OVERCROWDING IN HOSPITAL emergency departments across the country is getting worse, says the Irish Association for Emergency Medicine (IAEM)

The group welcomed the recent letter to HIQA from specialist trainees in Emergency Medicine which they said highlighted the real picture of  the “continuing and unacceptable overcrowding in the country’s Emergency Departments (EDs) and the risks to patients and staff associated with it”.

Mismatched information

Speaking to, a spokesperson for the IAEM said that there was a mismatch in information coming from the Department of Health about the improvements in trolley numbers and crowding and what their organisation were hearing on the ground.

They criticised the Health Service Executive (HSE) stating that their response to the problem was “disappointing” and they criticised the figures the HSE had issued, which hailed there was a vast improvement.

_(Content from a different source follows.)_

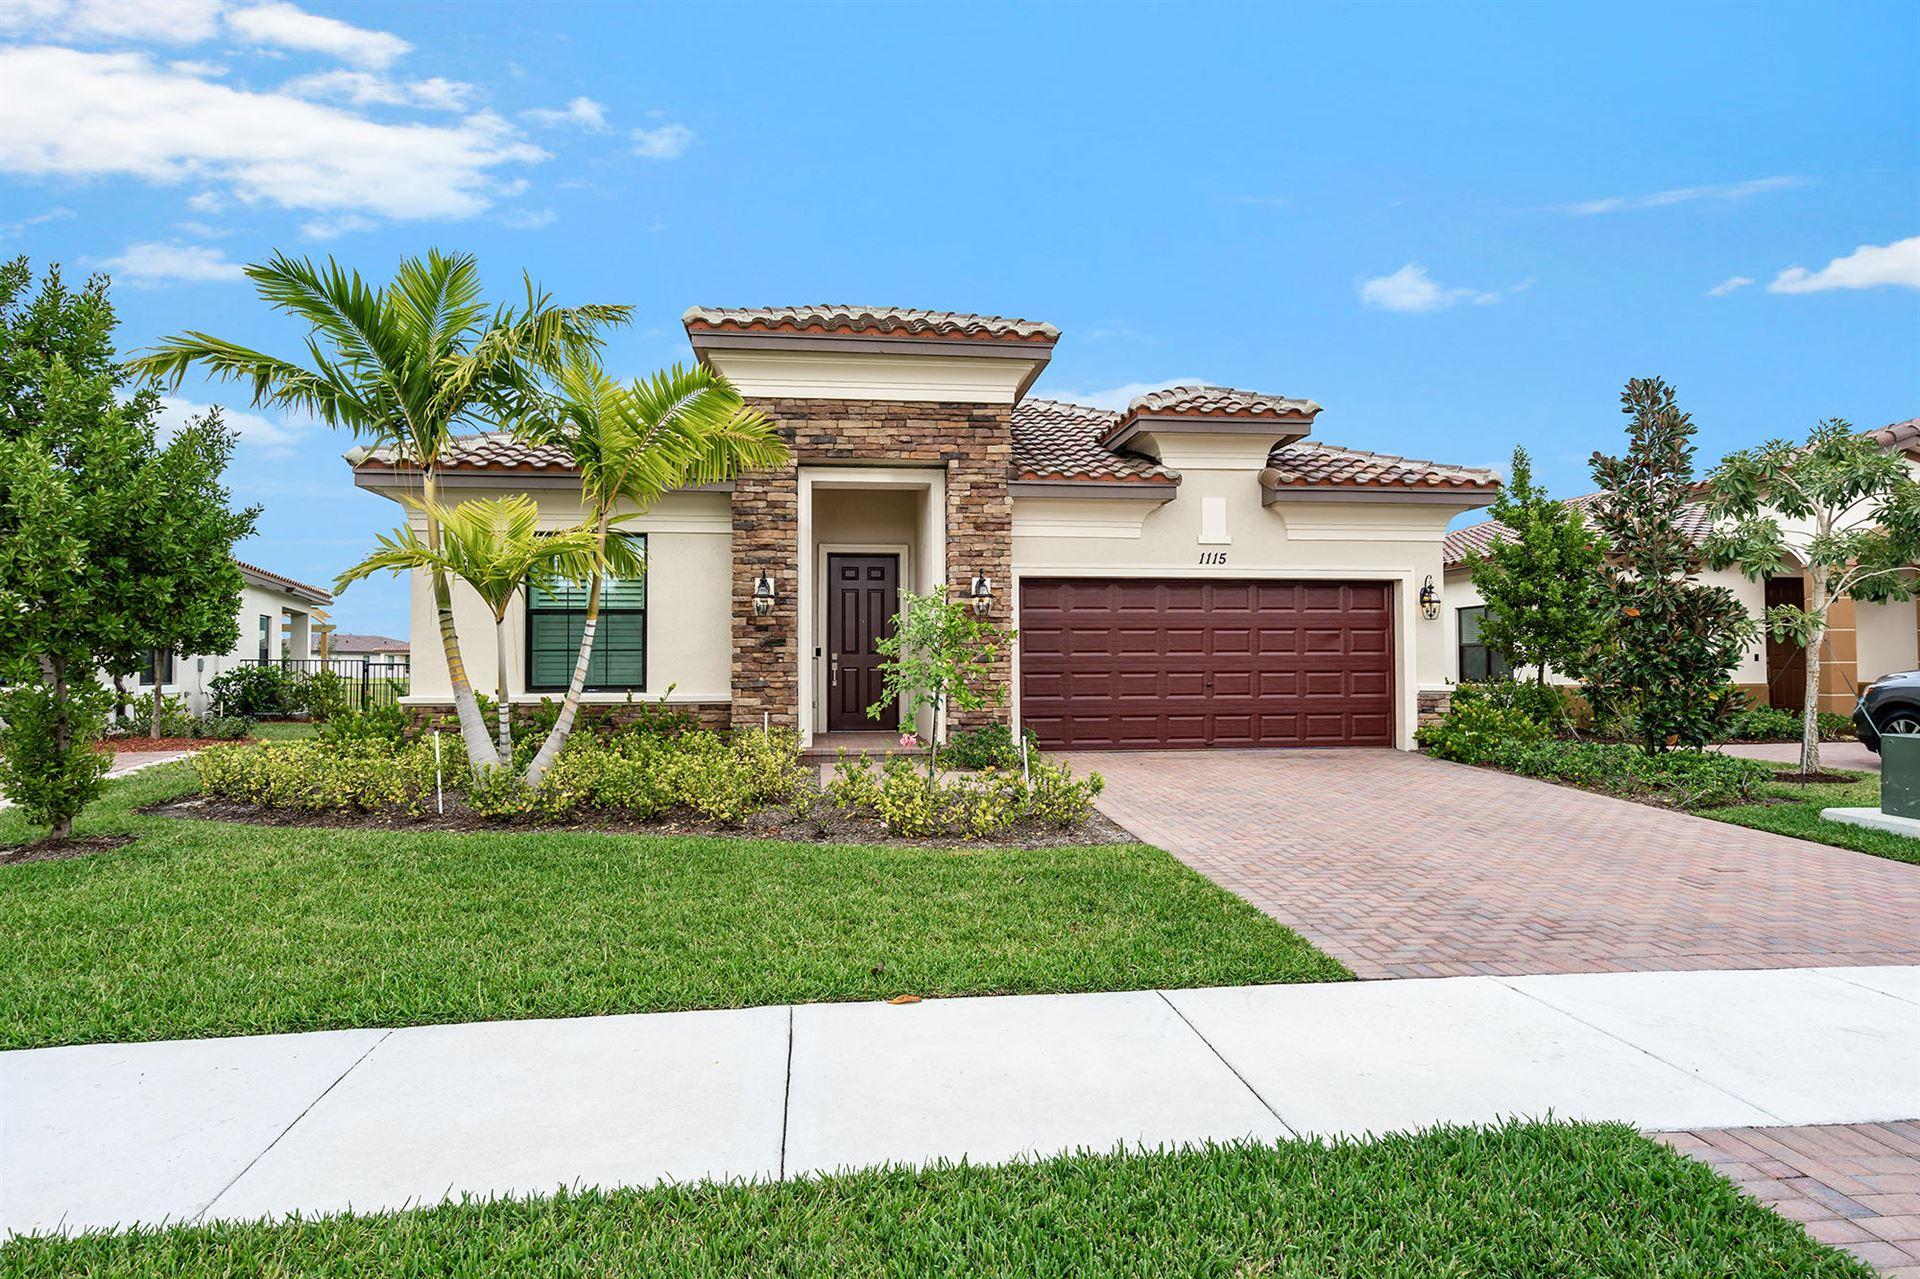 1115 Brinely Place, Royal Palm Beach, FL 33411 - #: RX-10593659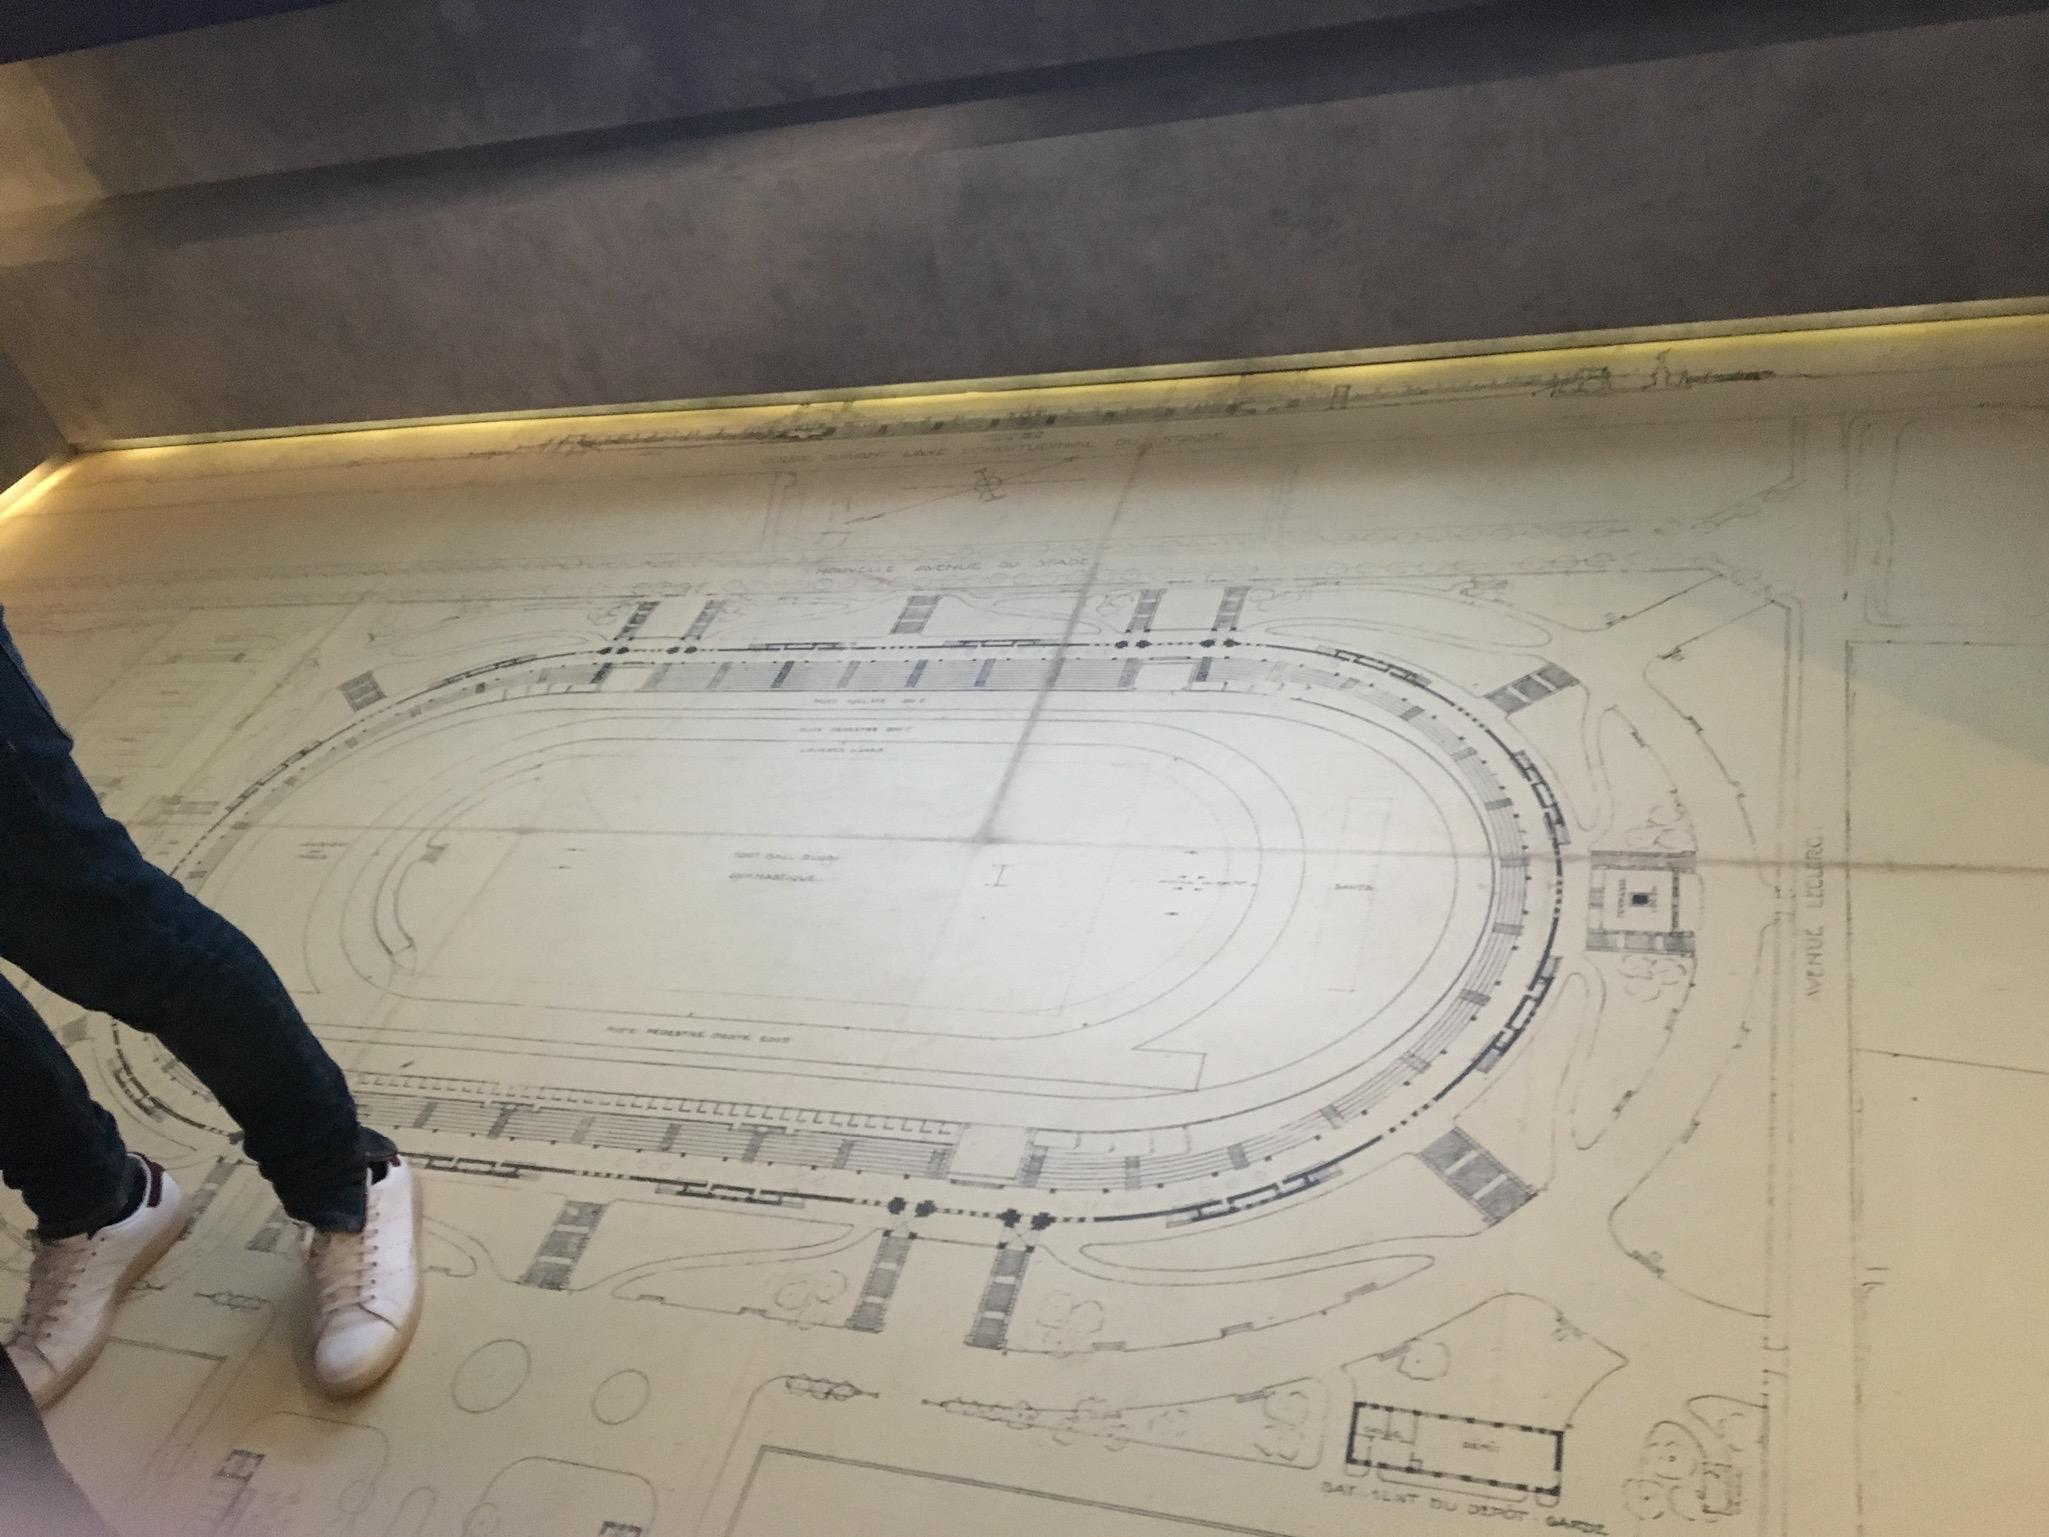 Plan stade Gerland Musée OL

Rather than acknowledge the serious and, in some places, worsening problem it reported a 34 per cent decrease in ED overcrowding with admitted inpatients, choosing 2011 as the comparator year because that year saw the greatest number of inpatient boarders in EDs.

The true reduction is actually 22 per cent – laudable but of scant consolation to the 67,863 inpatients who endured being on a trolley instead of being treated in a bed on a ward.

The group state that compared to 2012, there is a 2 per cent increase in the number of inpatient boarders in EDs or trolley inpatients in wards.

“ED overcrowding is associated with increased risk of avoidable death, inferior medical outcomes or unnecessarily prolonged hospitalisation, he said, adding:

It is a severe problem, and it has been for some years, but what we are hearing from our members on the ground is that it is getting particularly bad and there does not seem to be any improvement.

The IAEM stated that overcrowding “continues represents a failure of the HSE to proactively manage this predictable situation and should be openly acknowledged as such rather than dismissing the legitimate concerns of doctors about the welfare of their patients”.

Risk to patients

Addressing the issue of the restricting ED’s hours – such as that raised in the Dáil yesterday in relation the St. Columcilles’s Hospital in Loughlinstown, he said that the reconfiguration of hospitals is not always a bad thing but said that the adequate resources need to be given to the hospital that is taking on the additional patients – like that of St Vincent’s Hospital.

“It should enhance patient safety and their experience, it should not make it worse. If it is just being done to save money, to close them down as a cost-saving measure then obviously that is not a good idea,” he said.

The IAEM is calling on the Department of Health and the HSE to “up the ante” on the overcrowding situation deal with the issue with a sustainable management plan.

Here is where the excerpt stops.